▶ **Exercise goal**:
Leaving the pictures aside, reproduce the data in full and word for word.

▶ **Given material**:

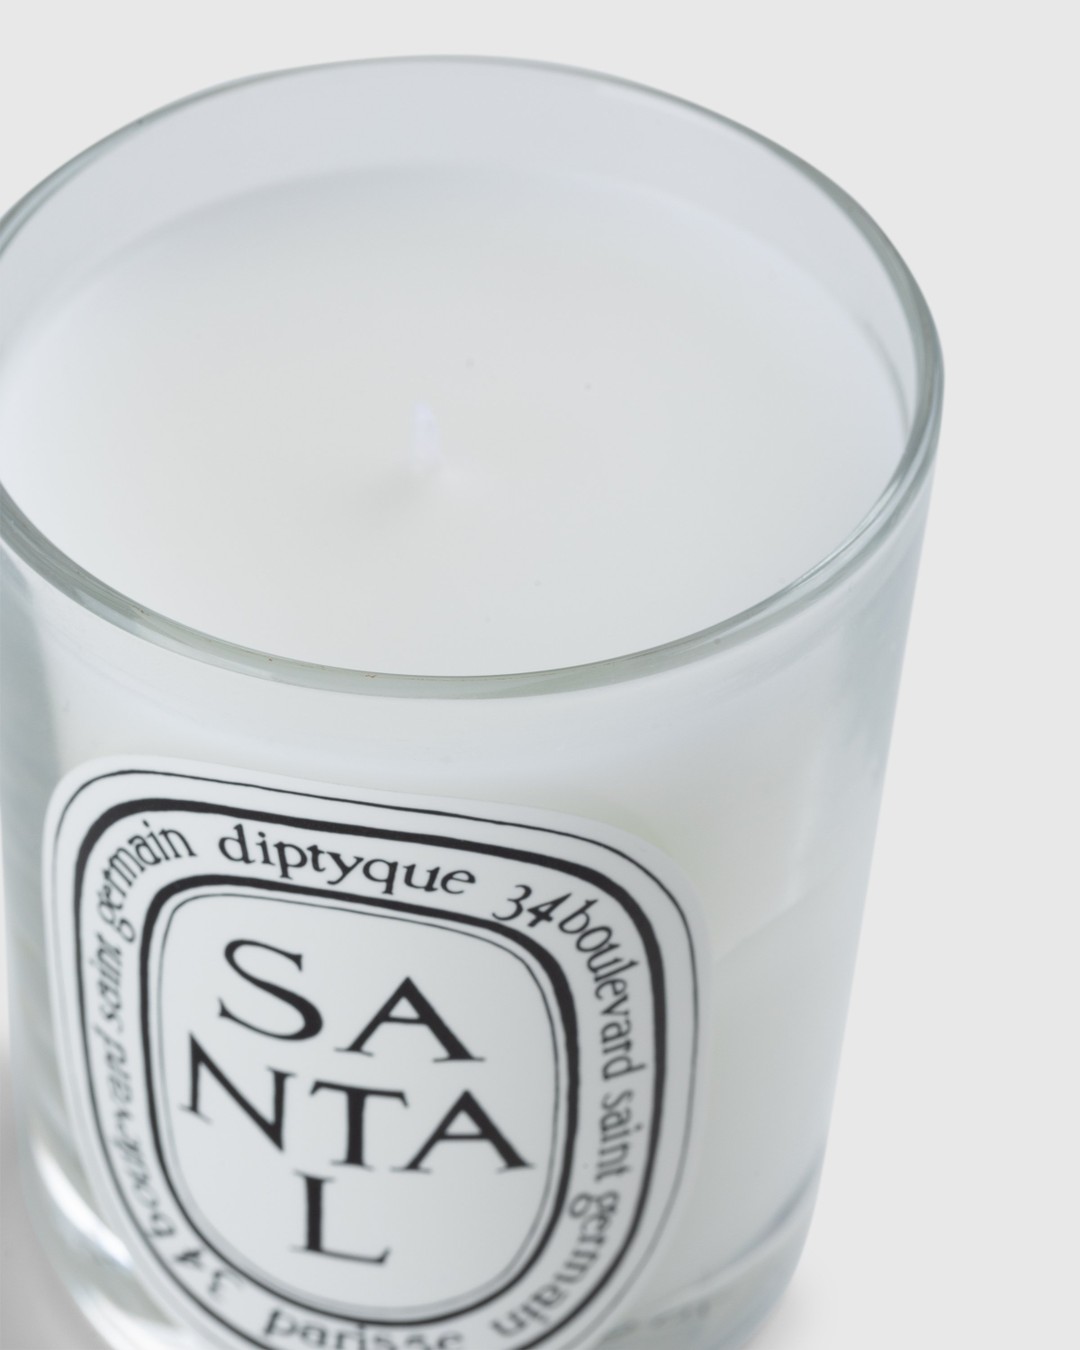 Diptyque – Standard Candle Santal 190g - Candles - White - Image 2
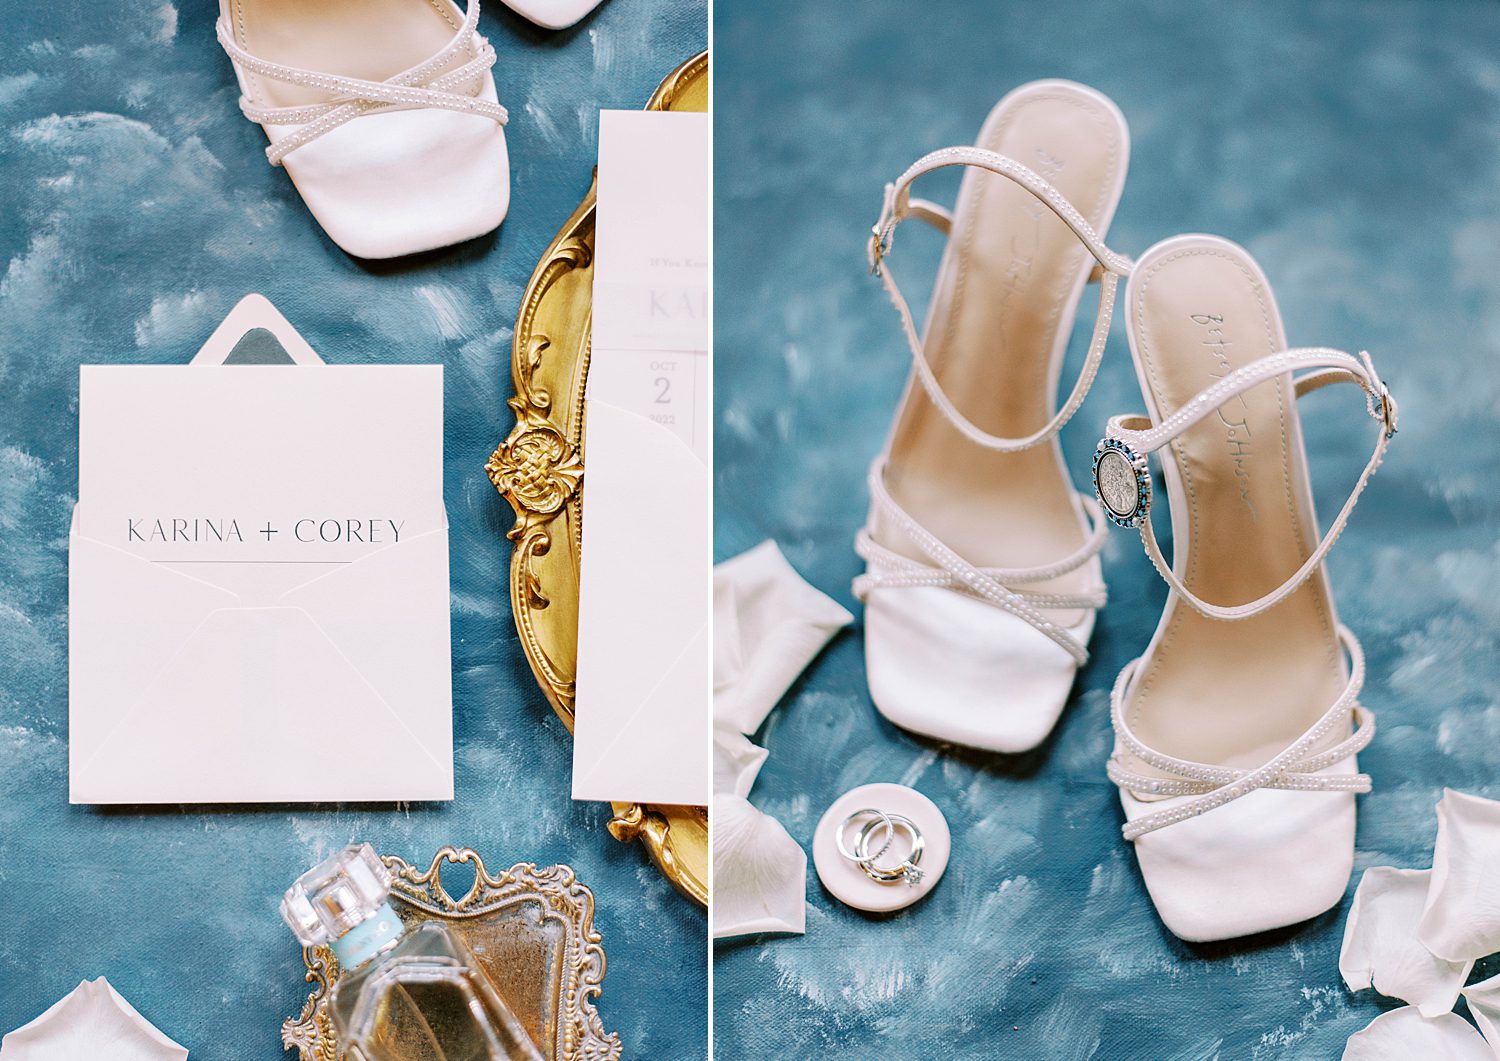 bride's white shoes and details for intimate Oxford Exchange wedding day
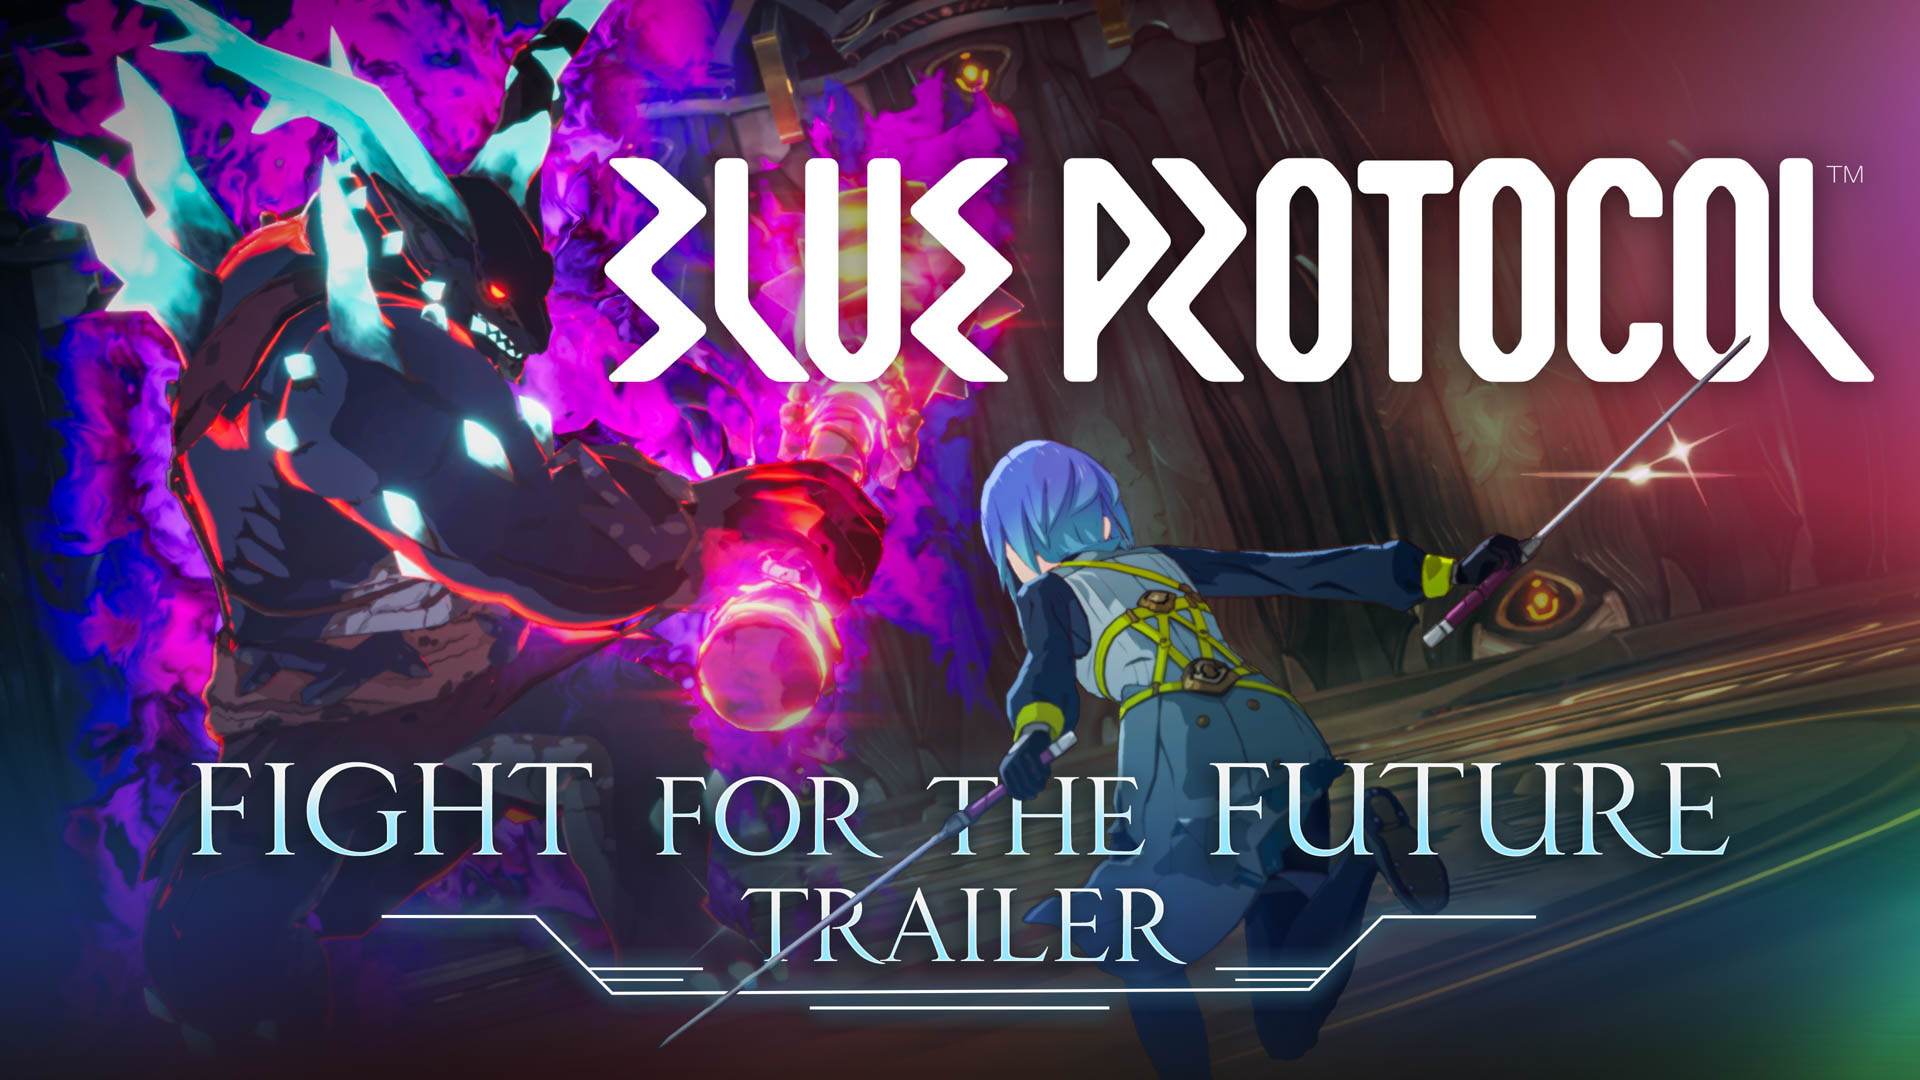 What's Blue Protocol And is it a Better Online Anime JRPG Than
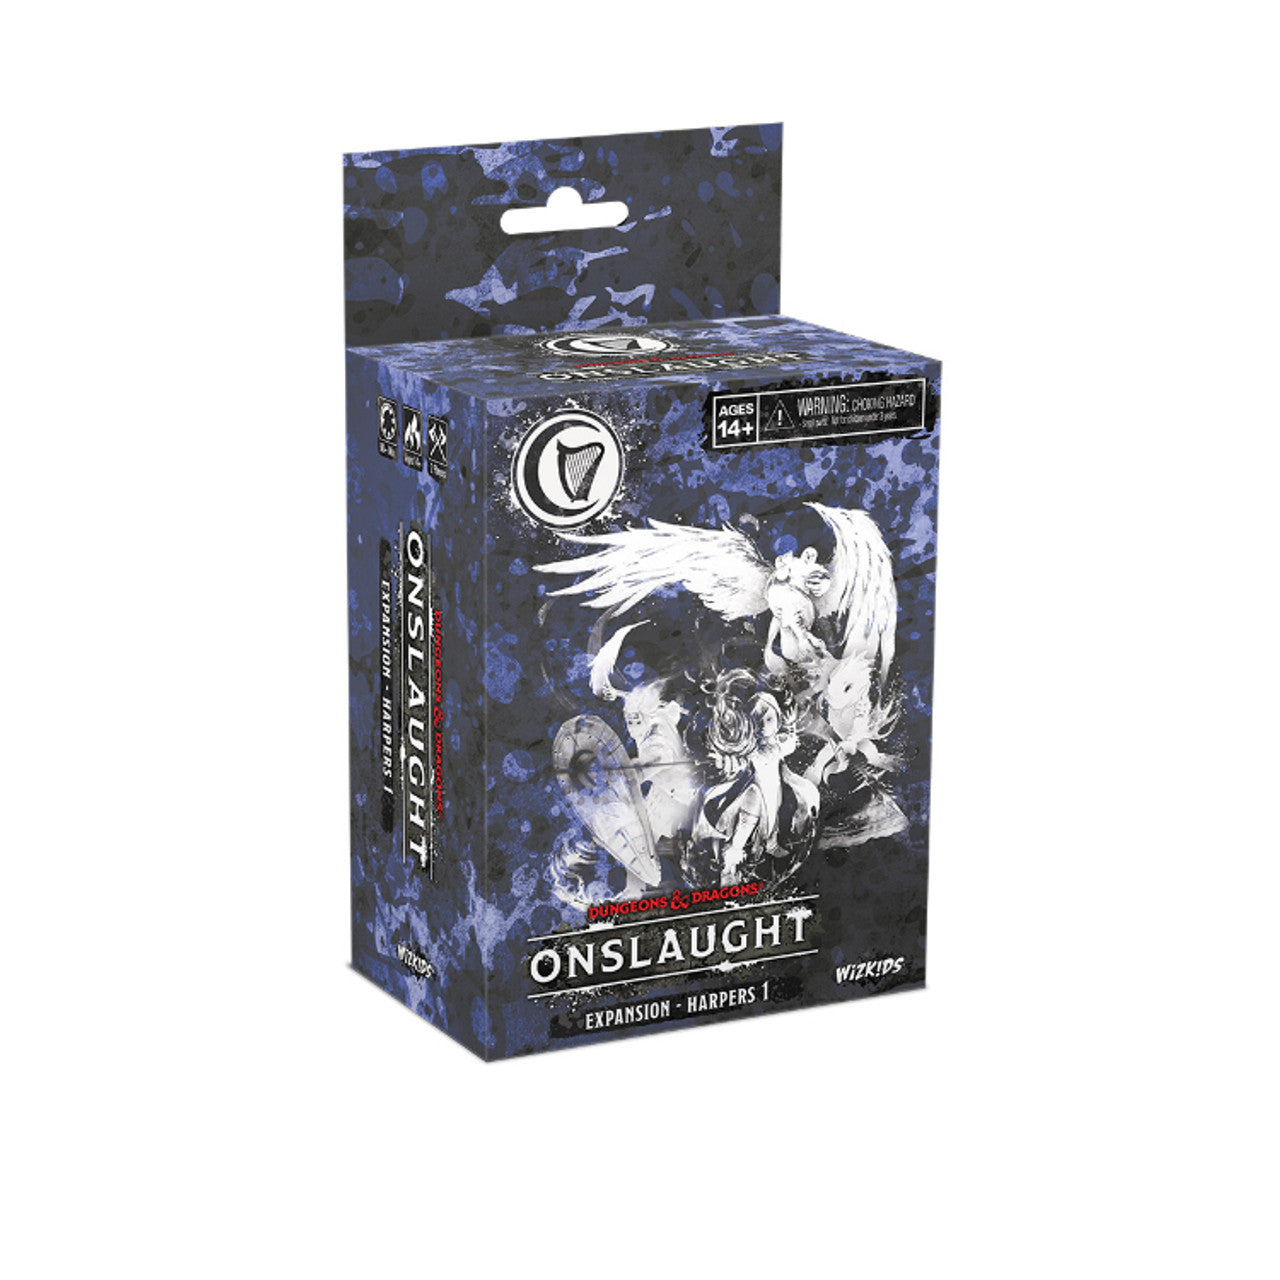 Dungeons & Dragons: Onslaught - Harpers 1 Expansion

▶ **Response**:
 Diptyque – Standard Candle Santal 190g - Candles - White - Image 2
 bride's white shoes and details for intimate Oxford Exchange wedding day
 What's Blue Protocol And is it a Better Online Anime JRPG Than
 Dungeons & Dragons: Onslaught - Harpers 1 Expansion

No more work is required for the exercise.